How Nigeria’s Forex Crisis Could Be Solved by Cutting Down BDCs, Says Presidential Adviser

A presidential adviser proposes a radical reform of Nigeria’s foreign exchange market

by Motoni Olodun
presidential adviser

According to Tope Fasua, the Special Adviser to the President on Economic Affairs, Nigeria’s foreign exchange market desperately needs structural reforms. He has proposed that the Central Bank of Nigeria (CBN) drastically reduce the number of Bureau de Change (BDC) operators in the country from over 5,000 to about 200.

Fasua, a renowned economist and CEO of Global Analytics Consulting, suggested this at an economic policy event organized by the Abuja Chamber of Commerce and Industry. The theme was “Unification of foreign exchange and the effect of fuel subsidy removal on the business community.”

He argued that the high number of BDCs makes it difficult for the CBN to supervise them, leading to irregularities and inefficiencies in the forex market. He said Nigeria should emulate countries like the United Kingdom and the United Arab Emirates, which have fewer than 200 BDCs each.

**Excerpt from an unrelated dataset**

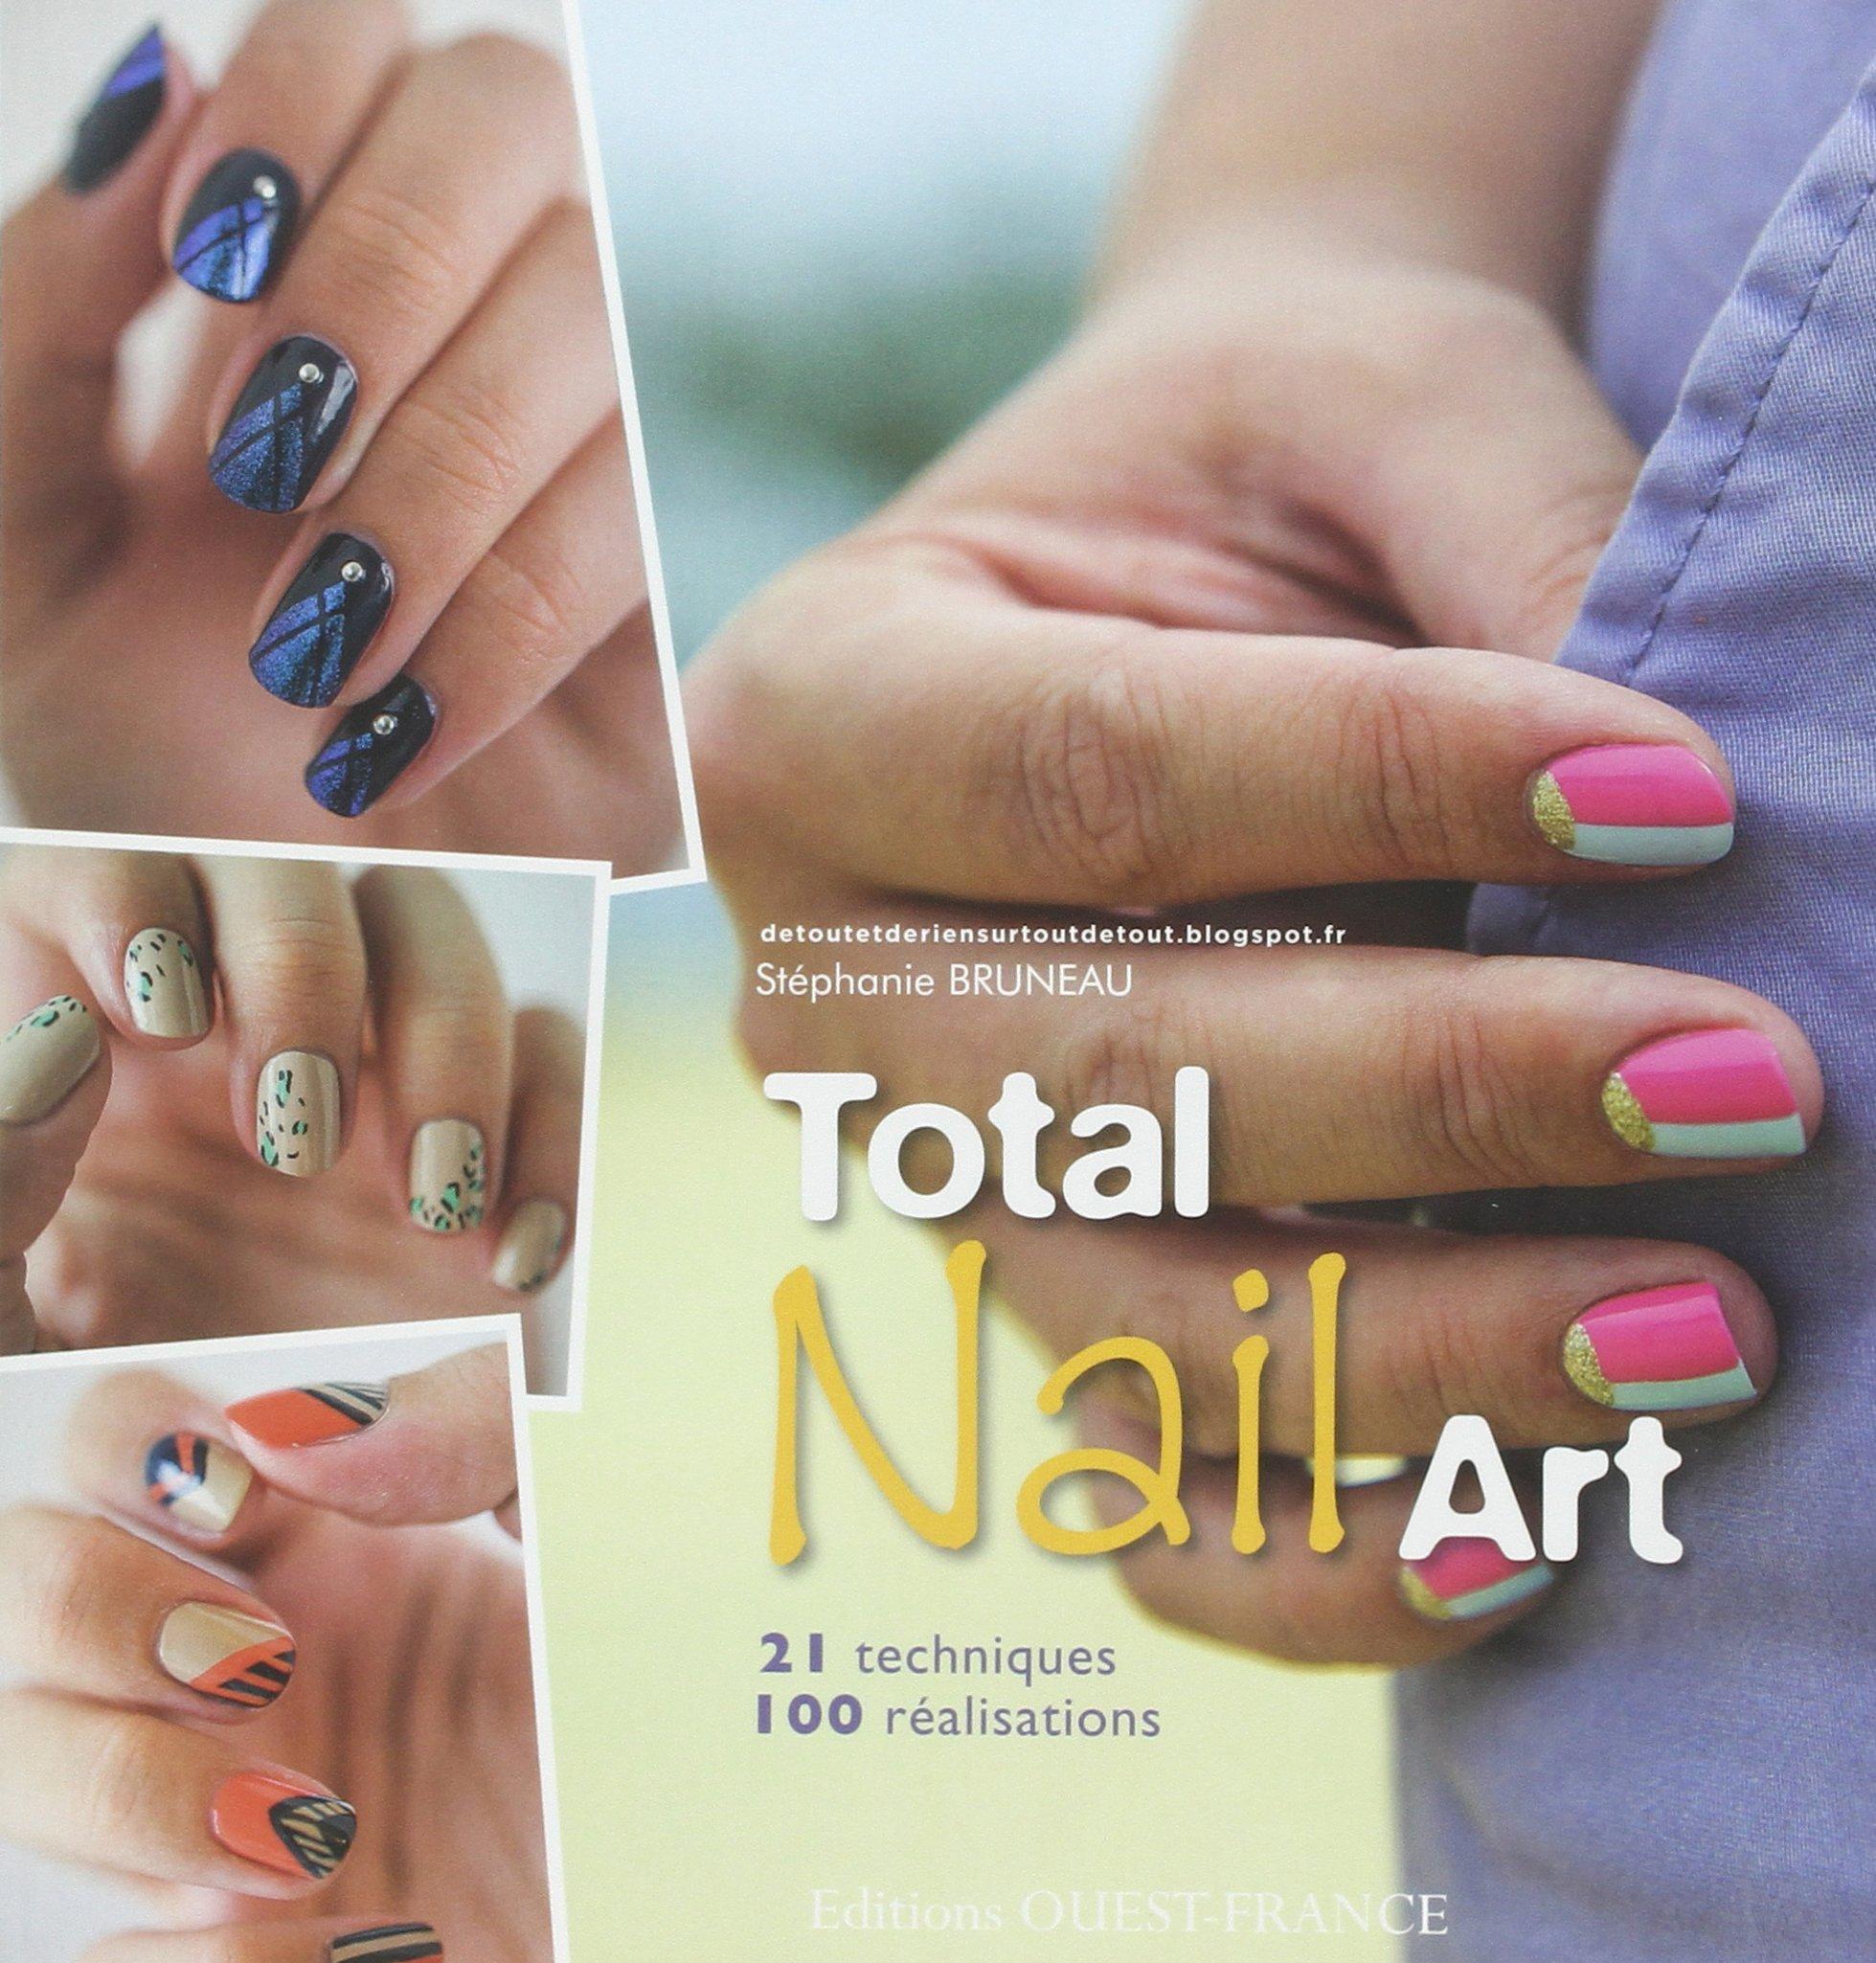 Nail art 100

“We need to do some structural reforms. For example, let’s reform the BDCs sector and make it stronger. You can’t manage over 5,000 BDCs selling money on the streets, which is not normal,” Fasua said.

He added that the CBN should incentivize the BDC sector and banks to provide forex to Nigerians more quickly and transparently. He also called for the definition of the illegal forex market in order to achieve stability in the official market.

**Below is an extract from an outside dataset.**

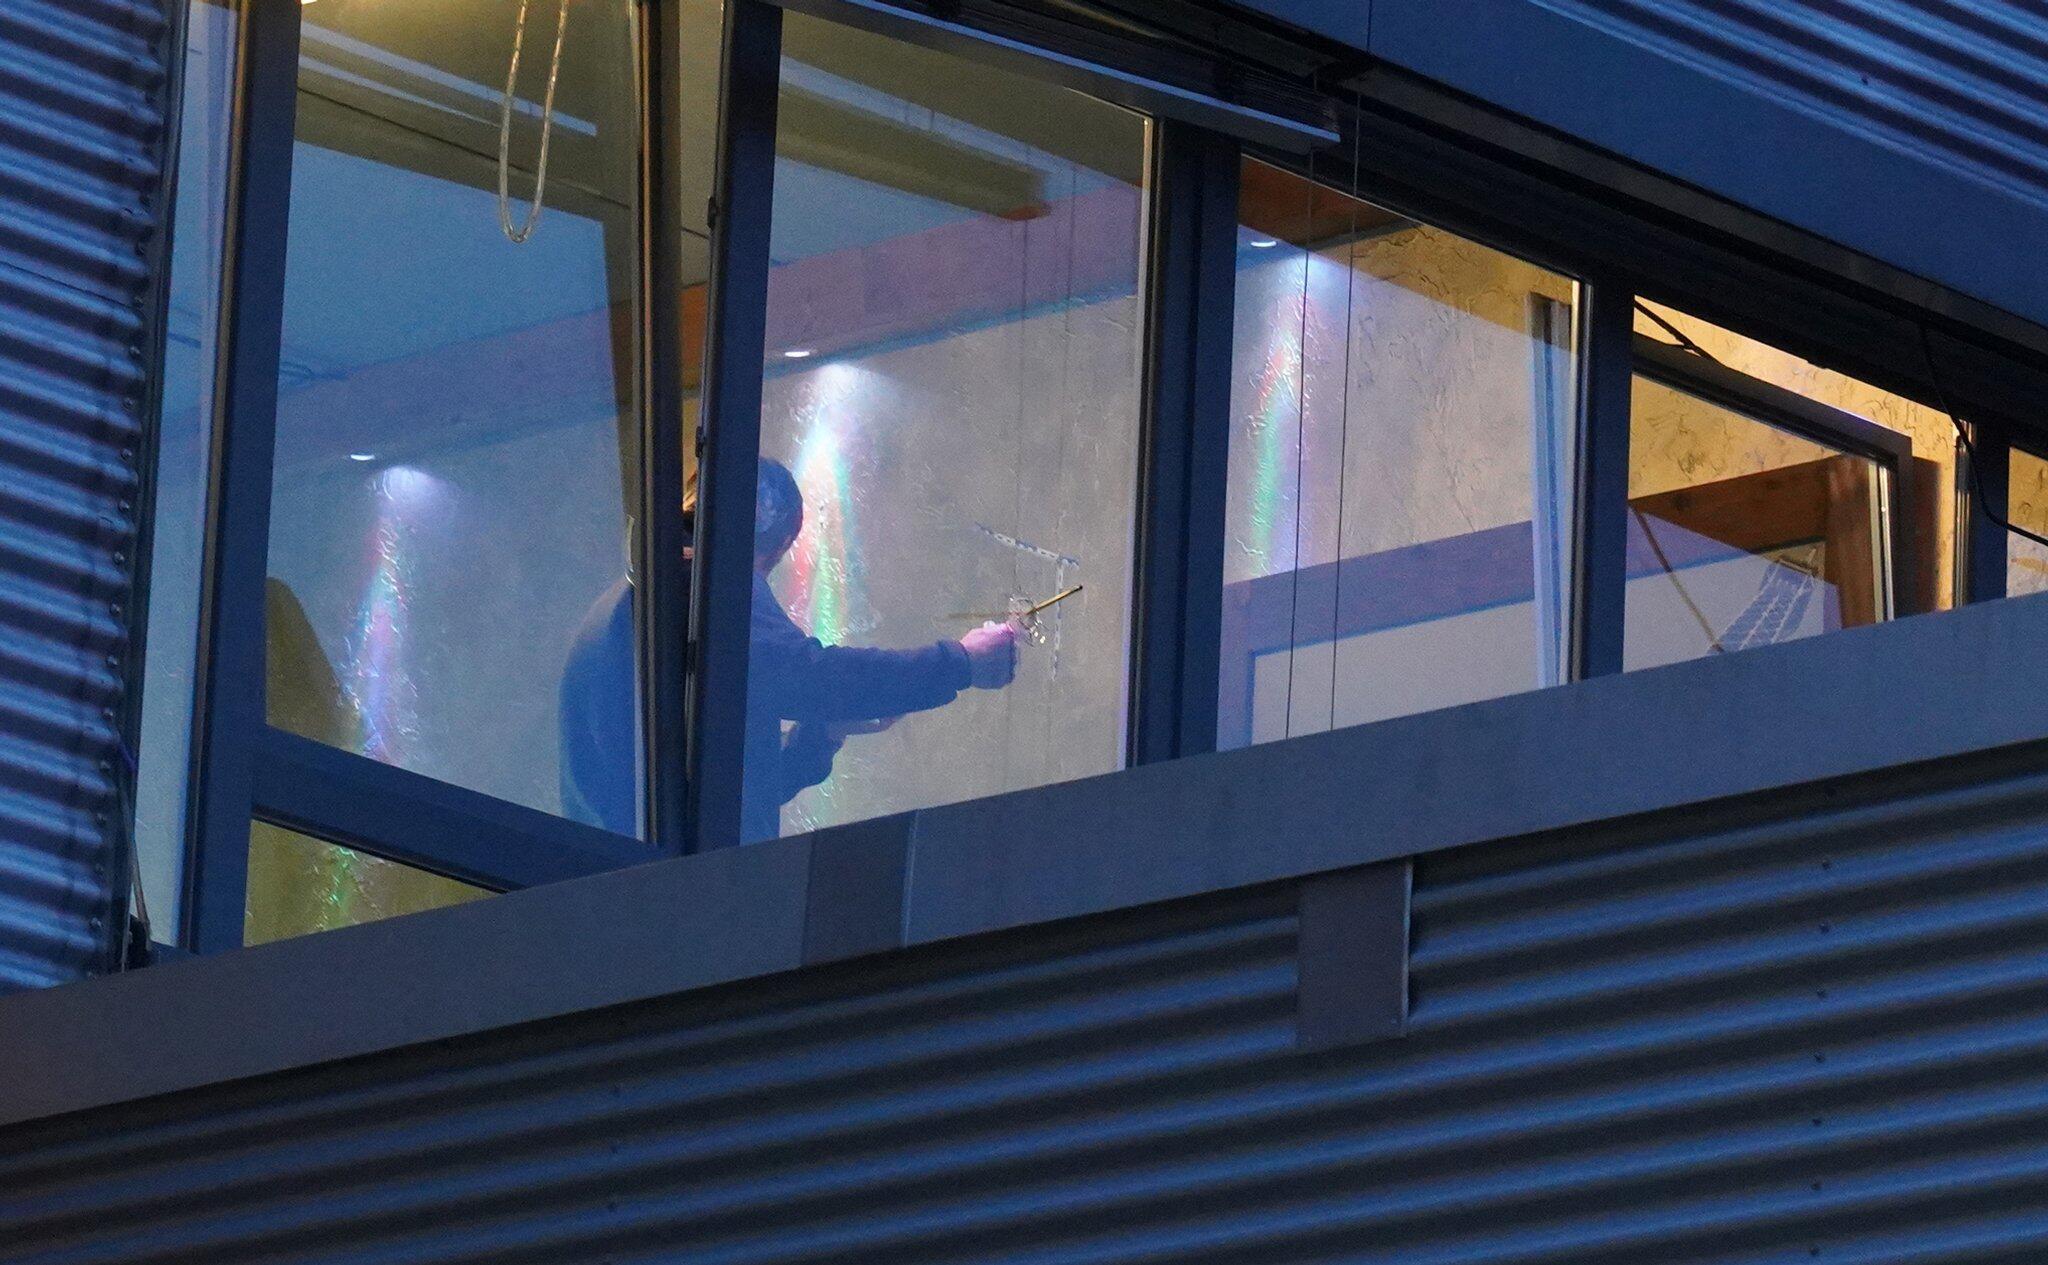 Bild zu Unbekannte schießen auf Fenster vonShisha-Bar inStuttgart

“You have to define the illegal market, and by then, we will be able to find stability,” Fasua said.

Fasua’s call comes when Nigeria is grappling with a forex crisis. The naira has depreciated sharply against the US dollar recently, and businesses are struggling to access forex. The CBN has taken a number of measures to address the forex crisis, including restricting the sale of forex to BDCs. However, these measures have not been very effective so far.

Some analysts have welcomed Fasua’s proposal, saying that it could help improve the forex market’s efficiency and transparency. They also said it could reduce the pressure on the foreign reserves and ease the exchange rate volatility.

However, some stakeholders have expressed concerns about the possible implications of reducing the number of BDCs. They said it could create a monopoly for a few operators and lead to higher prices for forex. They also said that it could affect the livelihoods of thousands of Nigerians who depend on BDCs for their income.

Whether the CBN will heed Fasua’s call to reduce the number of BDCs remains to be seen. However, his proposal is worth considering, as it could help to address one of the biggest challenges facing Nigeria’s economy.